- Film poster
- Spanish: No me digas solterona
- Directed by: Ani Alva H
- Written by: Ani Alva H, Sandra Percich
- Produced by: Sandro Ventura
- Starring: Patricia Barreto; Angélica Aragón; Flavia Laos; André Silva; Gino Pesaressi; Marisol Aguirre;
- Cinematography: Hilda Melissa Holguín
- Music by: Mon Laferte
- Production company: Big Bang Films
- Distributed by: Big Bang Films
- Release date: March 29, 2018;
- Running time: 108 minutes
- Country: Peru
- Language: Spanish
- Budget: USD$350,000

= Don't Call Me Spinster =

2018 film

Don't Call Me Spinster (Spanish: No me digas solterona) is a 2018 Peruvian comedy film directed by Ani Alva H, starring Patricia Barreto, Angélica Aragón, Flavia Laos and Gino Pesaressi, with André Silva, Javier Saavedra and Marisol Aguirre in supporting roles.

==Plot==
Located in modern Lima, Peru; No me digas solterona tells the story of a thirty-something-single businesswoman, Patricia, who believes that her boyfriend is going to propose to her. Instead, he asks for a "break" in their relationship.
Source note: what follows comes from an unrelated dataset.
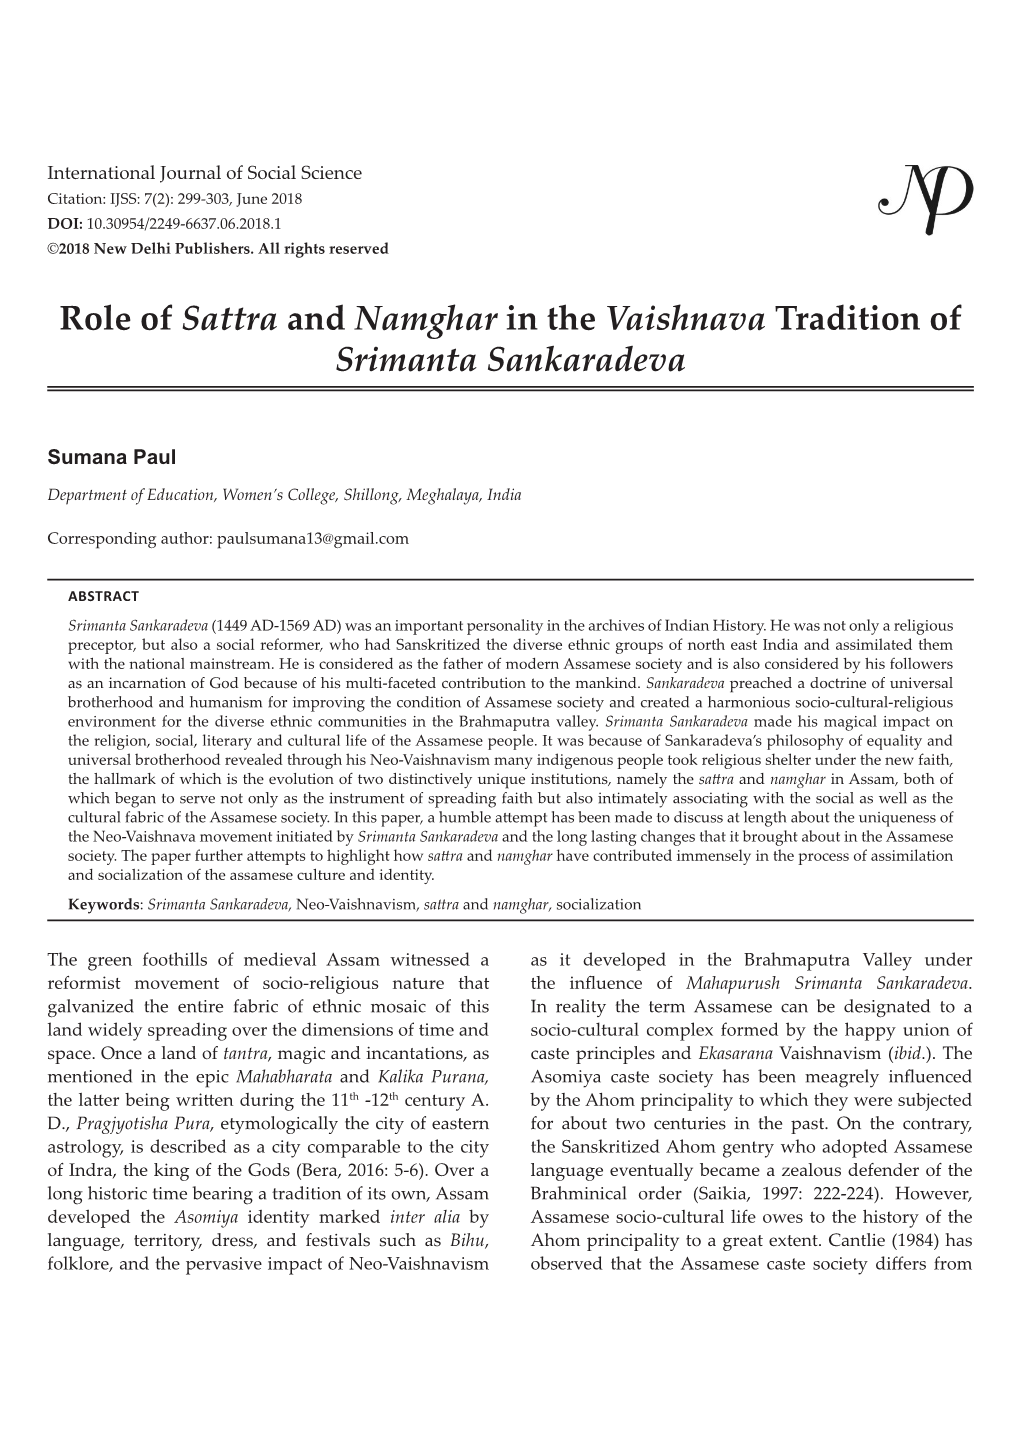 Role of Sattra and Namghar in the Vaishnava Tradition of Srimanta Sankaradeva
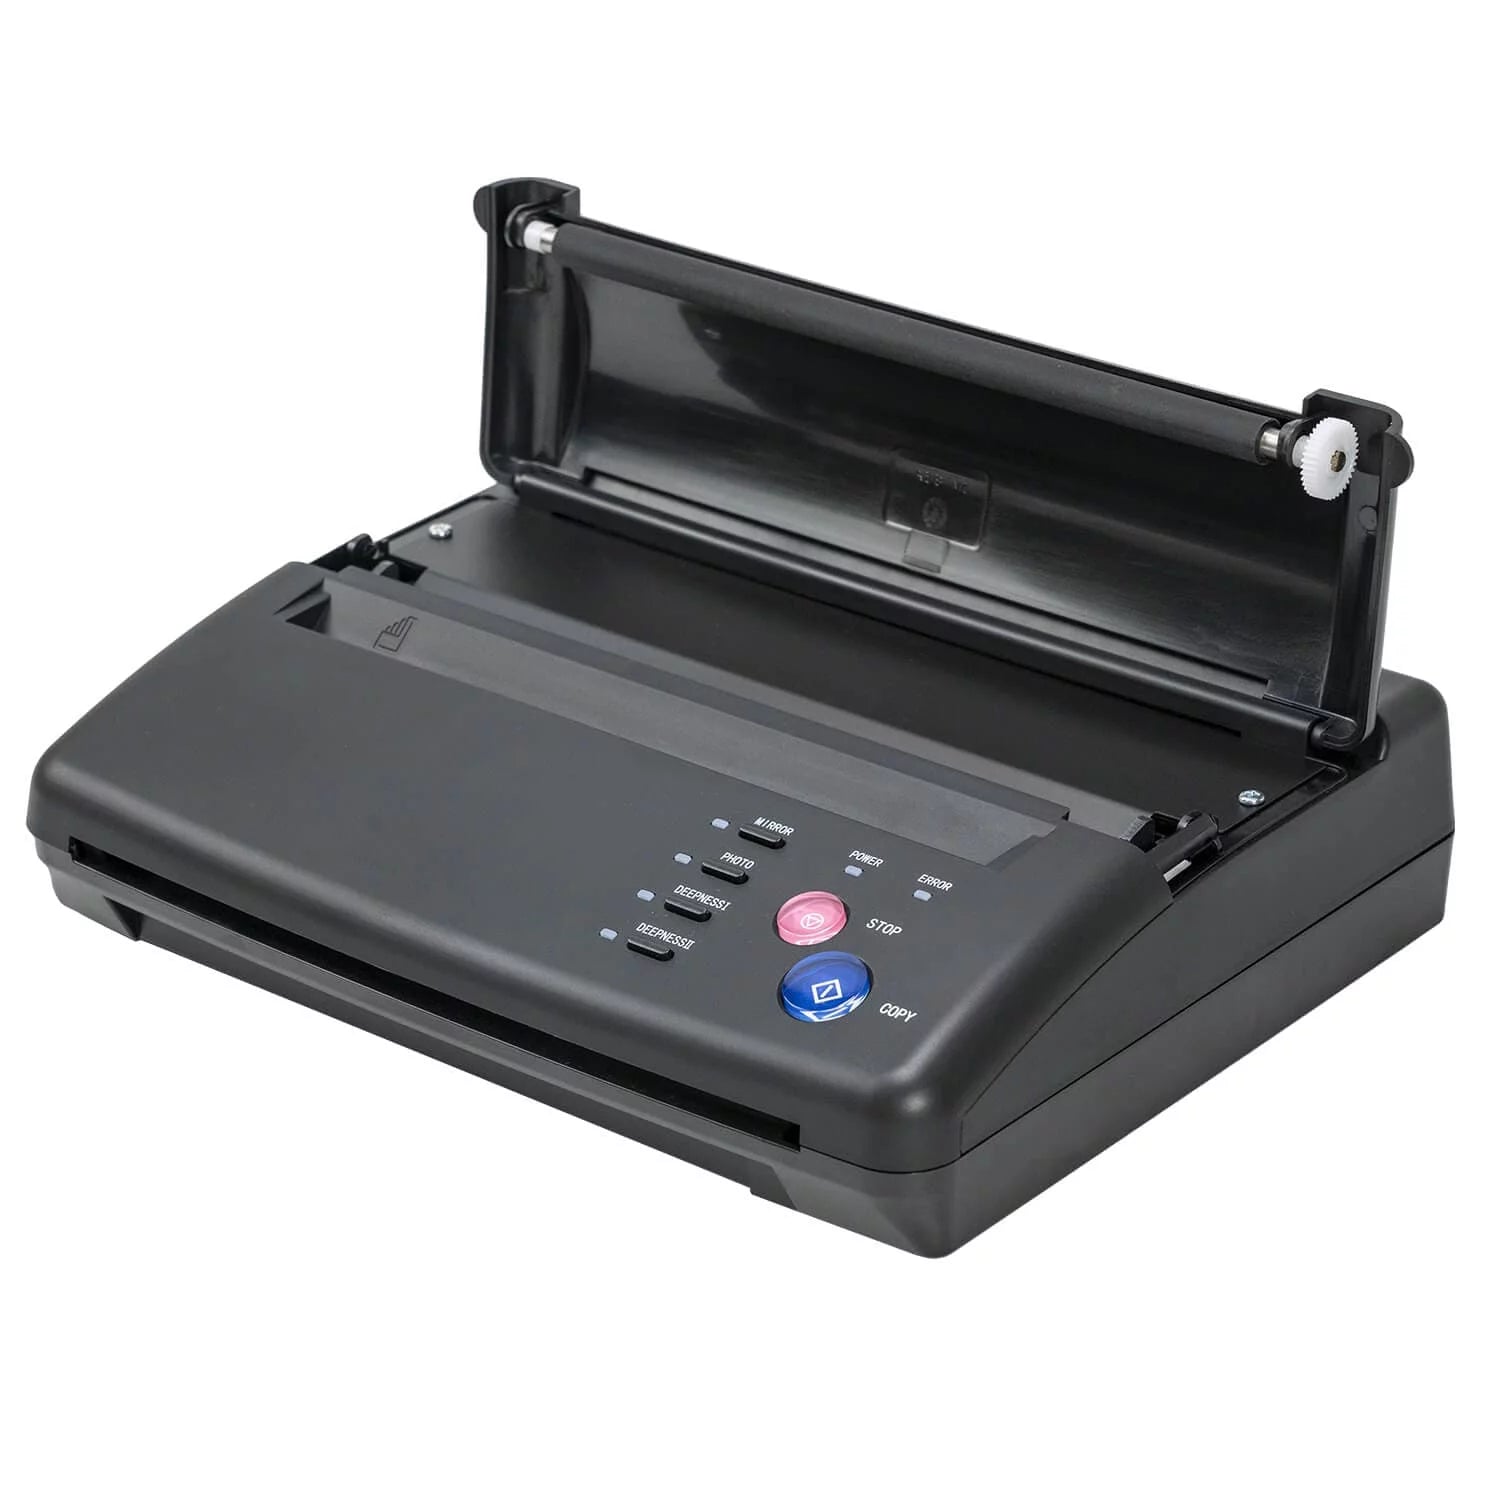 USB Tattoo Transfer Copier Printer Machine Thermal Stencil Paper Maker  Bluetooth | eBay

She's forced to return to live with her loving and wise over-protective mother; Tencha, and to listen to everyone's opinion of what she ought to do next.

==Cast==
- Patricia Barreto as Patricia
- Angélica Aragón as Tencha
- Marisol Aguirre as María García
- Natalia Salas as Mariana
- Anahí de Cárdenas as Sol
- Flavia Laos as Belén
- Rodrigo Sánchez Patiño as Richi
- André Silva as José
- Fiorella Rodriguez as Meche
- Tito Vega as Mozo
- Yiddá Eslava as Chio
- Maricarmen Marin as Milagros
- Gino Pesaressi as Ignacio
- Javier Saavedra as Fernando
- Christian Rivero as Sergio
- Adolfo Aguilar as Guianluca
- Claret Quea as Mota

==Filming==
The movie was filmed on location in Lima, Peru.

==Home media==

The film will be released on Blu-ray Disc in 2018.